Dalam pelajaran bahasa Inggris, kami nggak hanya berdiskusi tentang tata bahasa Inggris tetapi juga isu sosial dan budaya yang ada di negeri asli bahasa tersebut. Minggu lalu, kami ngobrol tentang Michael Fish, si peramal cuaca yang pernah kondang di acara "Weather news."
Benar peribahasa Indonesia yang mengatakan "tak ada gading yang tak retak", Si peramal yang biasa didengar di radio atau dilihat di TV Inggris itu pernah meremehkan peringatan sebuah bencana alam di negerinya. Apakah itu sebuah kesalahan yang membuat banyak orang celaka dan rugi?
Ceritanya, pada tanggal 15 Oktober 1987, seorang perempuan menelpon Michael saat ia sedang siaran TV. Si perempuan mengatakan akan datang badai, tapi si pria meramal tidak akan terjadi cuaca buruk, pemirsa tak perlu khawatir karena hal itu tidak akan terjadi. Warning penelpon hanya omong kosong belaka?
Nyatanya, beberapa jam setelah itu datang badai berkecepatan 160 km per jam yang menewaskan banyak orang dan menumbangkan jutaan pohon. Sungguh sebuah tragedi yang membuat banyak orang susah dan rugi. Manusia memang tempatnya salah.
Untungnya, orang-orang di Inggris pemaaf atau bisa jadi; pelupa, seperti kebanyakan orang Indonesia (termasuk saya hahaha). Setelah tahun demi tahun berlalu, mereka nggak ingat lagi kejadian buruk gara-gara Michael meremehkan peringatan bencana alam waktu itu.
Anehnya lagi, ia lebih terkenal dari sebelumnya, justru setelah keteledoran yang ia lakukan tersebut. Misalnya, ia diundang di beragam acara TV dan mendadak jadi artis terkenal. Heboh badai.
Badai Sabine
Seperti halnya di Inggris, cuaca menjadi bahasan penting hampir setiap hari di Jerman.

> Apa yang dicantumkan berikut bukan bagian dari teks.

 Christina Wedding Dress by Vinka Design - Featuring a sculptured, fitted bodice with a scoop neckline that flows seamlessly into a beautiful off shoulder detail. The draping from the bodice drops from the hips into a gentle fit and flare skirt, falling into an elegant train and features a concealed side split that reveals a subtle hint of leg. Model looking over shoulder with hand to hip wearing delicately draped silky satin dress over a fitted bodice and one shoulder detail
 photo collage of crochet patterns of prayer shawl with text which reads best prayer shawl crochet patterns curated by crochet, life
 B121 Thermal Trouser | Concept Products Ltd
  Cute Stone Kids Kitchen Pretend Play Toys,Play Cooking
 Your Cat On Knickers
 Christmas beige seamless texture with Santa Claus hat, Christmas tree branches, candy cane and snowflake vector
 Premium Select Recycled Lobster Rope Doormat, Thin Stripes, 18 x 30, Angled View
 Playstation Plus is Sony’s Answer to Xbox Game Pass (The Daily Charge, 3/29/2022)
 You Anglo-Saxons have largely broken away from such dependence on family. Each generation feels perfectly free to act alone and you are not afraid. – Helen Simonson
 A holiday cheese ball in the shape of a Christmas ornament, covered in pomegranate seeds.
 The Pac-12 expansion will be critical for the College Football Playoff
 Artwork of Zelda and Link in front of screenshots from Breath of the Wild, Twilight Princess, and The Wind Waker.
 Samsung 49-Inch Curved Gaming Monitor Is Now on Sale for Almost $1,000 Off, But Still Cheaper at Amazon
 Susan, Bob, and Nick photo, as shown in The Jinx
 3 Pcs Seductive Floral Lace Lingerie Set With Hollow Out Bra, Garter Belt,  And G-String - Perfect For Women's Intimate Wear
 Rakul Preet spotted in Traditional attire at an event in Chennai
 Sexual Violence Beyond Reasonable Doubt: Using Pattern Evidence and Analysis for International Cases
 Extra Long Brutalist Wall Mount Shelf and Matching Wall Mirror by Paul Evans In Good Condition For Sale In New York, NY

Istilahnya: "Es gibt kein schlechtes Wetter, es gibt nur faslche Kleidung."
Artinya, di dunia ini nggak ada istilah cuaca buruk, yang ada orangnya yang salah pakai baju.
Makanya orang harus tahu tentang ramalan cuaca dari hari ke hari. Entah dari radio, koran atau TV, orang mengikuti perubahan cuaca dari hari ke hari.